Florian Krammer, PhD: Hi, Eric. Thanks for having me.
Where We’re Headed With Delta
Topol: We have many things to discuss today, but obviously what’s on the mind of many is the Delta variant. Can you give us a sense of what this has meant as compared to the prior variants and the original strain? How did we get here and where are we headed in the pandemic because of Delta?
Krammer: That’s a very interesting question. Delta seems to be different compared to other variants. Most of the variants that we started to see since late 2020 had an advantage in terms of spread, so they were probably more infectious — specifically, the Alpha variant that was clearly visible, but also the other variants that were picked up during surveillance because they expanded. The Delta variant is very good at that. The Alpha variant already had high infectivity, but Delta is much more infectious than Alpha. That’s one of the issues that we’re facing.
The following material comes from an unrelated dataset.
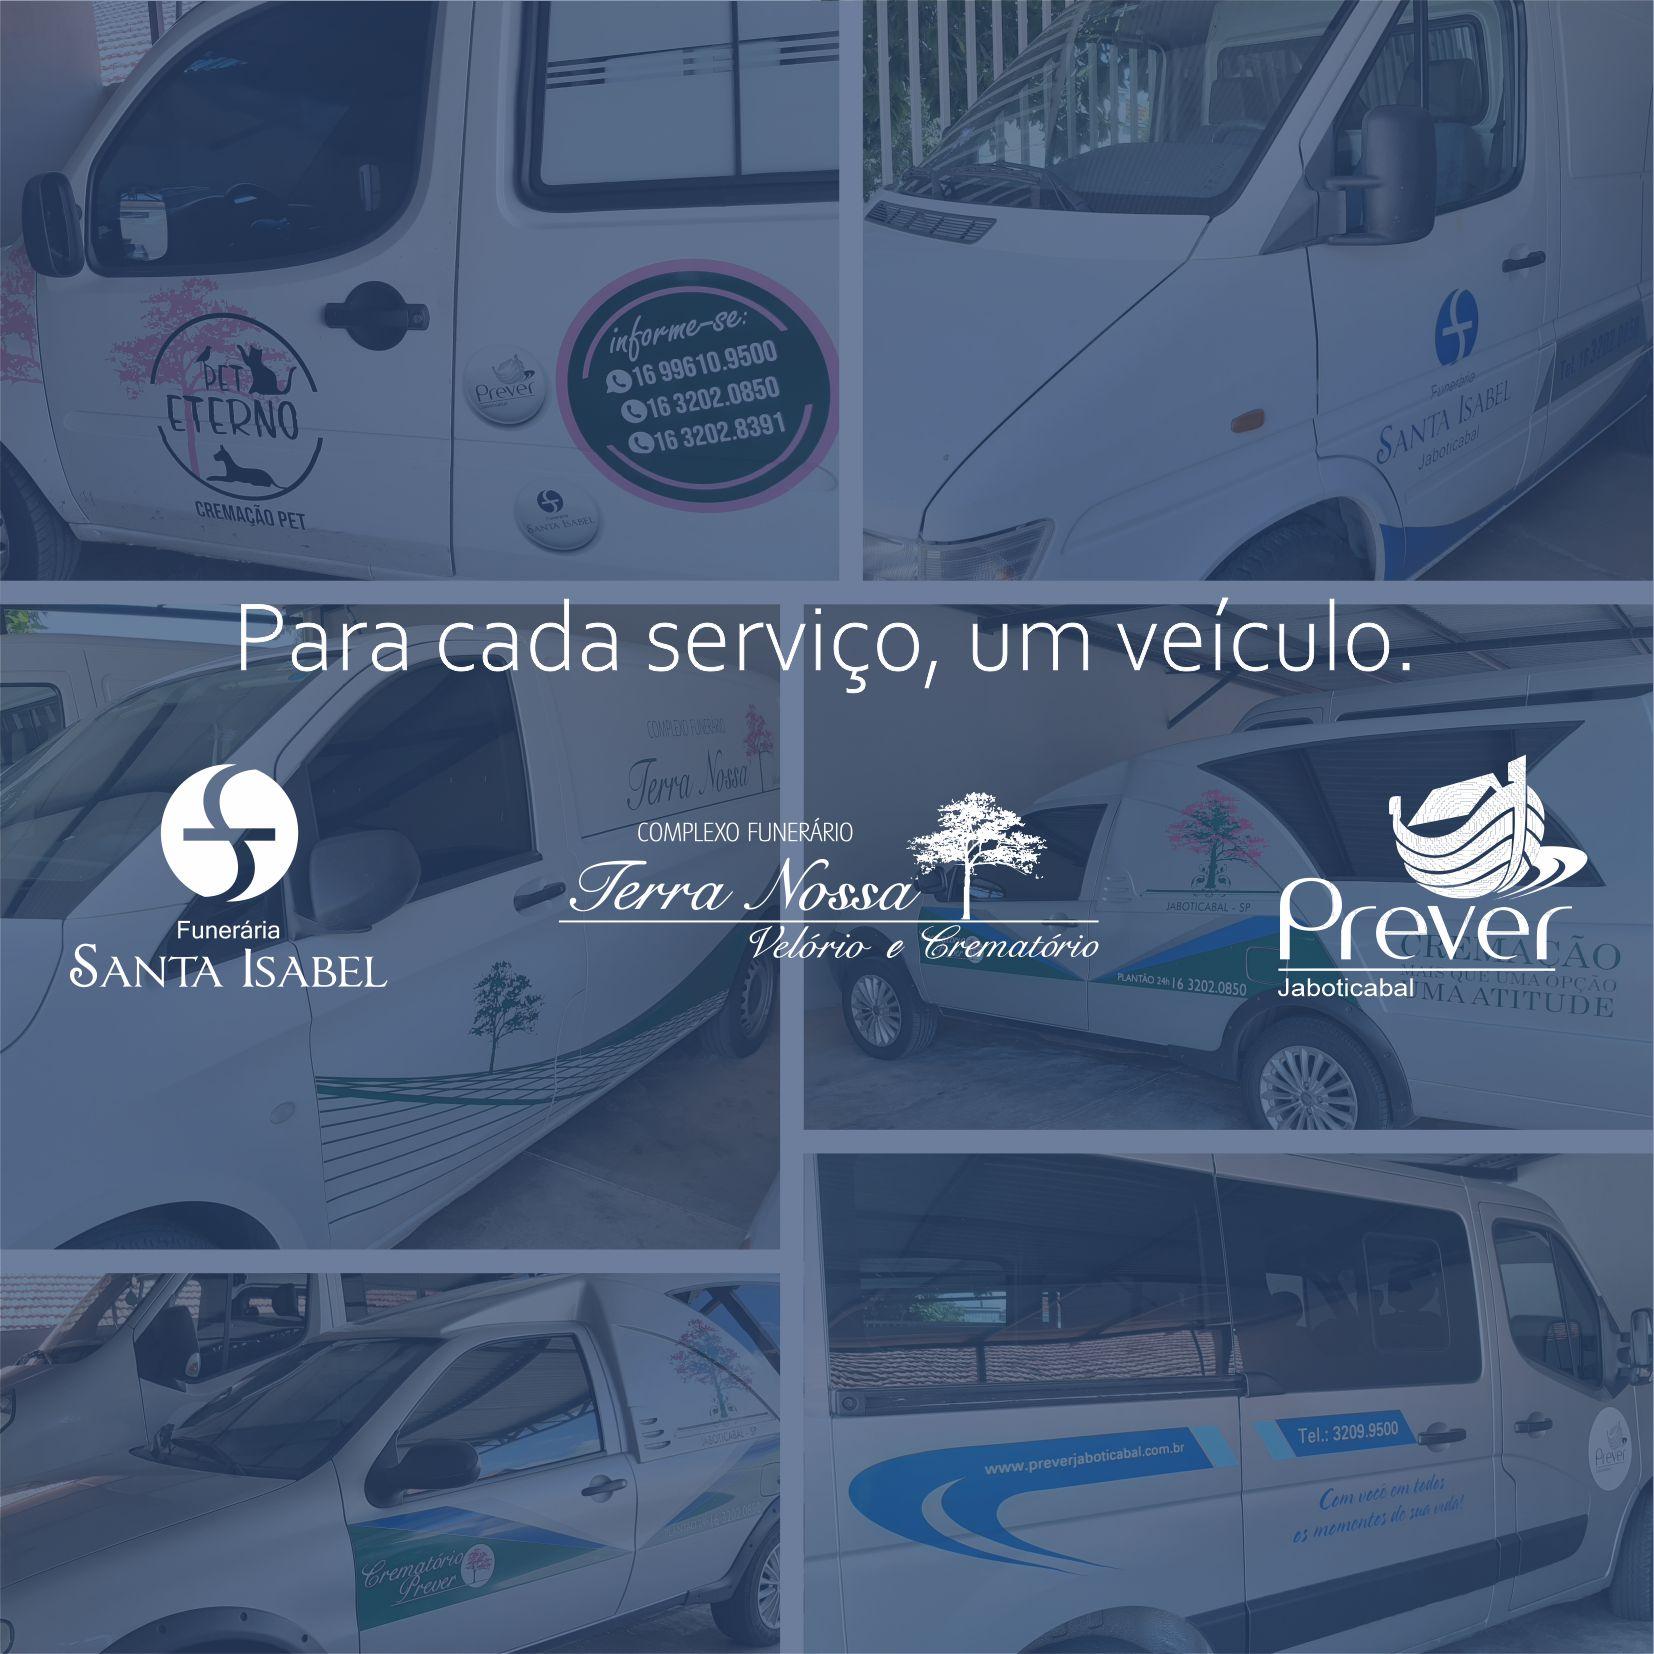 Veículos do Prever Jaboticabal têm manutenção e higienização rigorosas

If you look at immune escape, which was always a question with these variants, Delta doesn’t stand out that much. It’s not comparable to something like the B.1.351 variant, which really had a huge increase in neutralizing antibody titers. Delta has an impact on that, but it’s not as big. So just from looking at neutralizing activity, you wouldn’t think that the virus causes issues in vaccinated individuals. But it seems that it’s more infectious and it replicates better in the upper respiratory tract. That causes an issue specifically with unvaccinated people.
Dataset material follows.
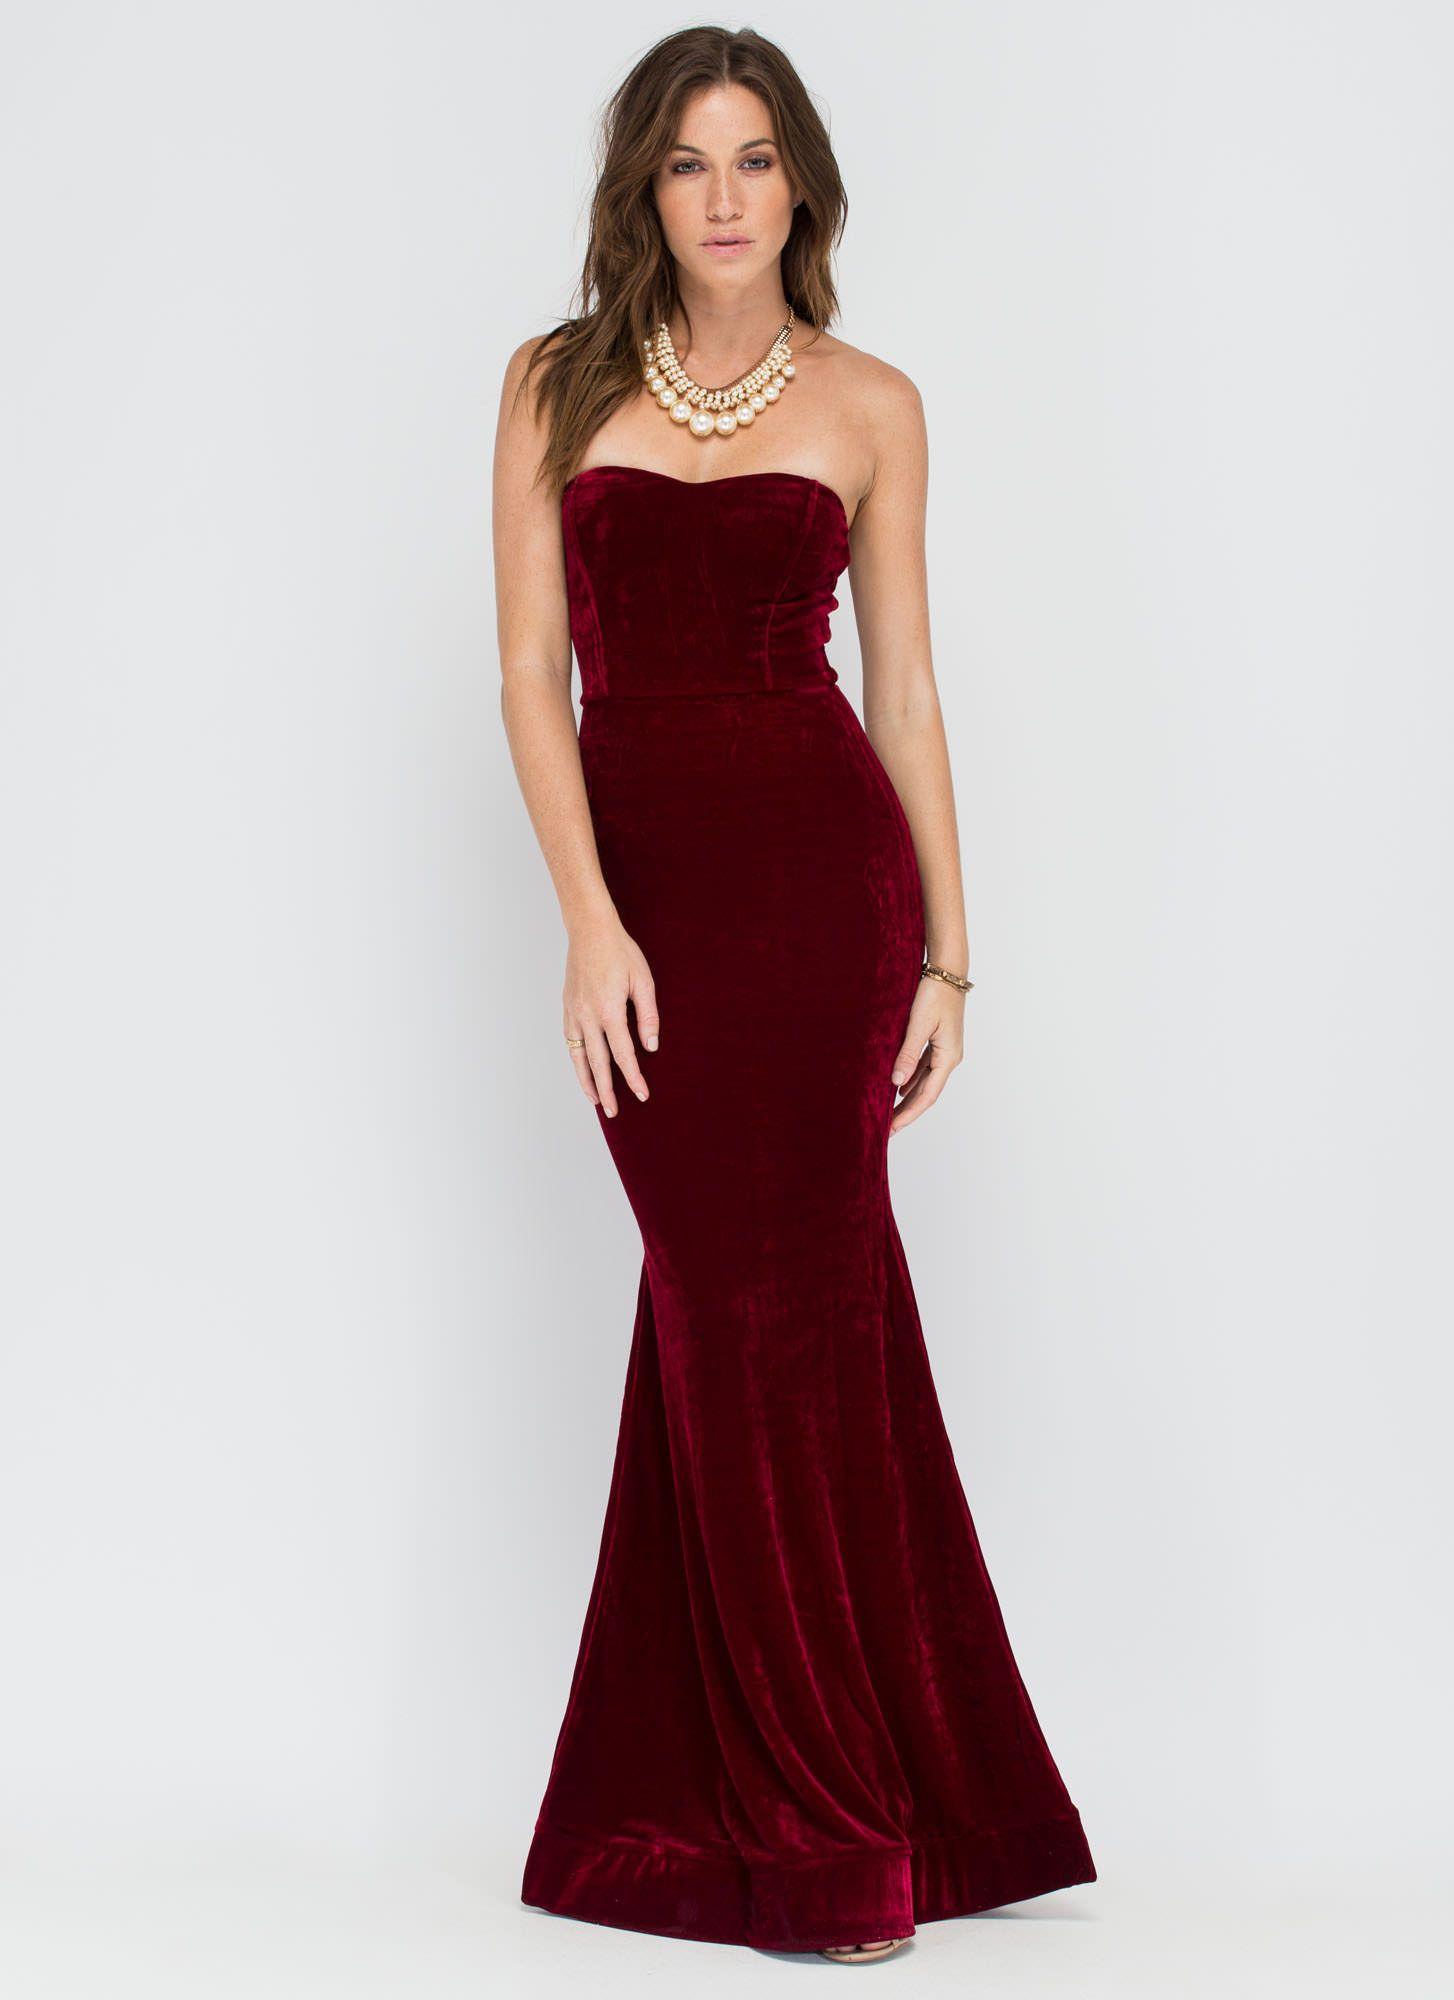 Velvet vixen strapless mermaid maxi navy wine gojane dresses

We also see more breakthrough infections and even transmission in vaccinated individuals. That’s a problem. But it’s hard to see where we’re heading with that specifically because it’s so variable. If you look at different countries and regions worldwide and what it looks like right now in the United States, we might be at the peak of the Delta wave and cases might come down. In the UK, cases started to come down and then went back up. But in other countries, the Delta wave wasn’t actually that big and it was very short. I’m hoping that the case numbers will go down — and we are seeing the first signs of that — and hopefully they will stay down. But it’s really hard to predict what will happen after that.
Immune Response: Vaccines vs Natural Infection
Abraham Verghese, MD: You’ve done a lot of work on antibodies, and for most of us who are not in this world of antibodies, it’s a very confusing issue. What are we measuring? What does it tell us about immunity? Can you share some pearls with us about the nature of antibodies from vaccine and from natural infection?
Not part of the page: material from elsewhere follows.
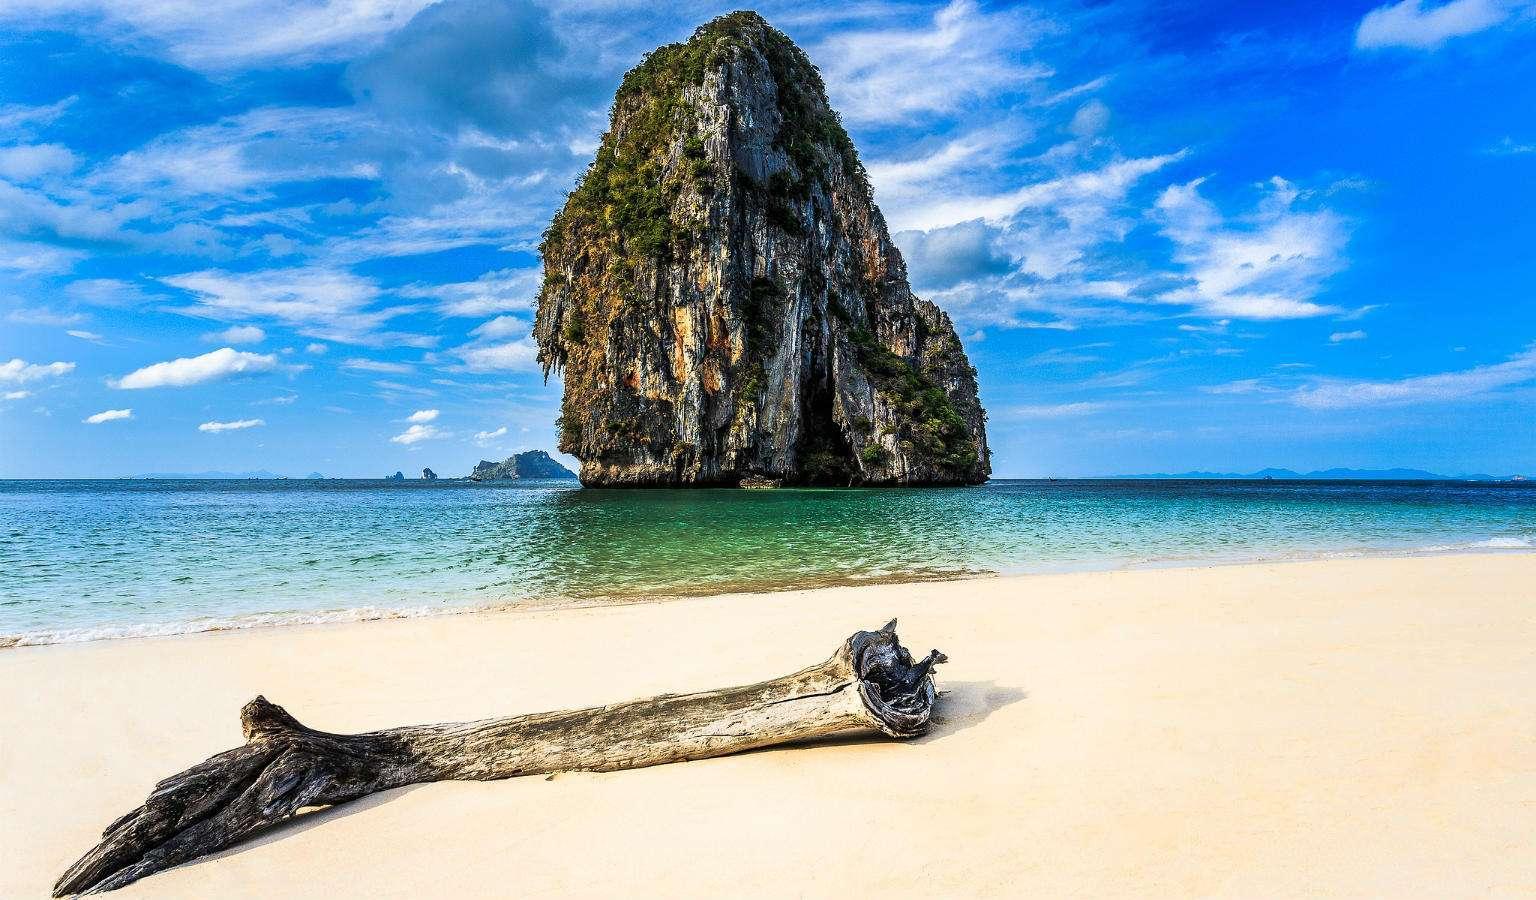 Grote rots in zee met aangespoeld hout op het strand van Ao Phra Nang Beach

Krammer: In general, there are still discussions about the role of different arms in the immune response and the protective effect that we see with vaccination and with natural infection. Of course, antibodies are easy to measure and neutralizing antibodies are interesting because, of course, they neutralize the virus and are a correlate of protection for many other viruses. In the past few weeks and months, we have actually seen a lot of data that suggest that neutralizing antibodies are an important correlate of protection for SARS-CoV-2. More data are coming out.
But there are other arms of the immune response that often co-correlate with antibody responses. For example, typically, if you have a good antibody response, you also have a good T-cell response. We actually know they can’t have a good antibody response without a good CD4 T-cell response, so it’s more complicated than antibodies alone. Different arms of the immune system do different things. My suspicion is that the neutralizing antibody response is really important for protecting you from infection and mild disease. But once you have a breakthrough infection, a T-cell response, more or less, prevents you from progressing to moderate to severe disease. There are different phases where these different arms of the immune system are important.
There are also, as you said, differences between immunity that is induced by natural infection and what is induced by vaccination. I wouldn’t say one is better than the other, but they are certainly different. If you get a natural infection, you also develop antibodies and those antibodies are very often also neutralizing, but the response is relatively variable. Some people have very high antibody responses and some people have low ones. In addition to that, you get these T-cell responses not just to the spike protein, but to the whole range of open reading frames that the virus has — there are a lot of proteins that are encoded by SARS-CoV-2 — and you get mucosal immunity because the virus replicates on mucosal surfaces and that stimulates things like secretory IgA production or tissue-resident memory T cells.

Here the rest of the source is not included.